The Seton home in New York City was located at the site on which a church now stands in her honor.
Today’s BACK STORY from the New York Times:
When Pope Francis visits the U.S. next week for the first time, his itinerary will include stops in New York and Philadelphia, the birthplaces of the only Roman Catholic saints born in the 13 original American colonies or 50 states.
The first, Mother Elizabeth Ann Bayley Seton of New York, was canonized 40 years ago today by Pope Paul VI.
Mother Seton was born in 1774, two years before the signing of the Declaration of Independence.
She started the first Catholic girl’s school in the nation, in Emmitsburg, Md., and the first American congregation of religious sisters, the Sisters of Charity.
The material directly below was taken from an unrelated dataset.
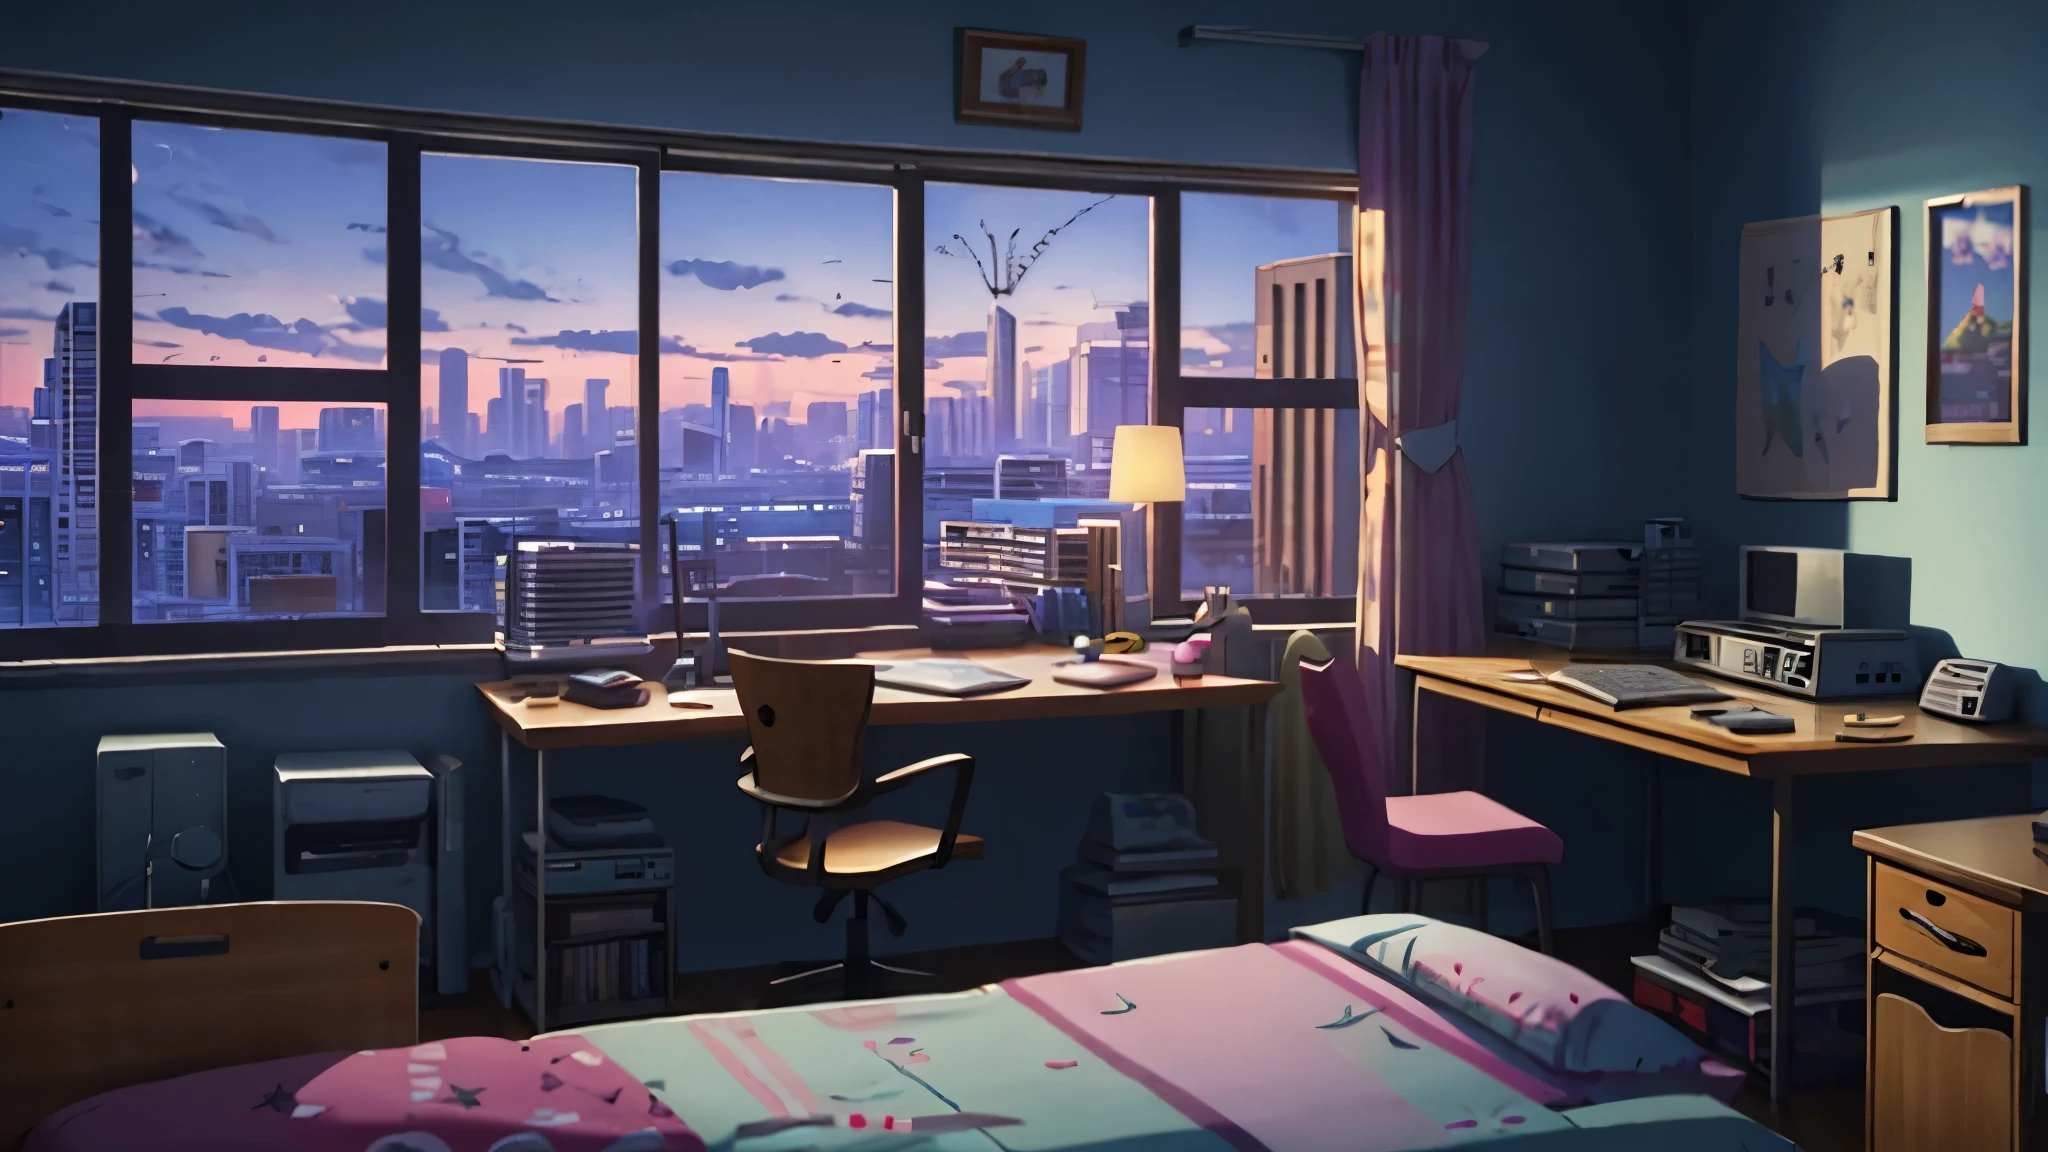 3D-Animation, filmisches Standbild eines gemütlichen Zimmers, große Fenster mit Blick auf die Stadt bei Nacht, Mond mit Haube, melancholisch, traurige Stimmung, Das Bett ist ungemacht, computer desk, vollgestopft mit unpassenden Möbeln, Die Poster im Otaku-Stil an den Wänden und die Gitarre in der Ecke,im Stil von Pixar, Disney, Dampfwelle, Mädchen mit Kopfhörern am Schreibtisch

Mother Katharine Drexel, a Philadelphia nun who spent her life and her share of a family fortune on the network of schools for Native Americans and blacks that she started, is the first saint who was an American citizen from birth.
Mother Drexel died in 1955, and Pope John Paul II declared her a saint in 2000 — speedy, by modern church standards.
In his nearly 27-year papacy, John Paul II signed off on more canonizations (482) than all of his modern predecessors combined.
And if Catholicism is all it’s supposed to be we must hope there are a lot more who could be ‘signed off’.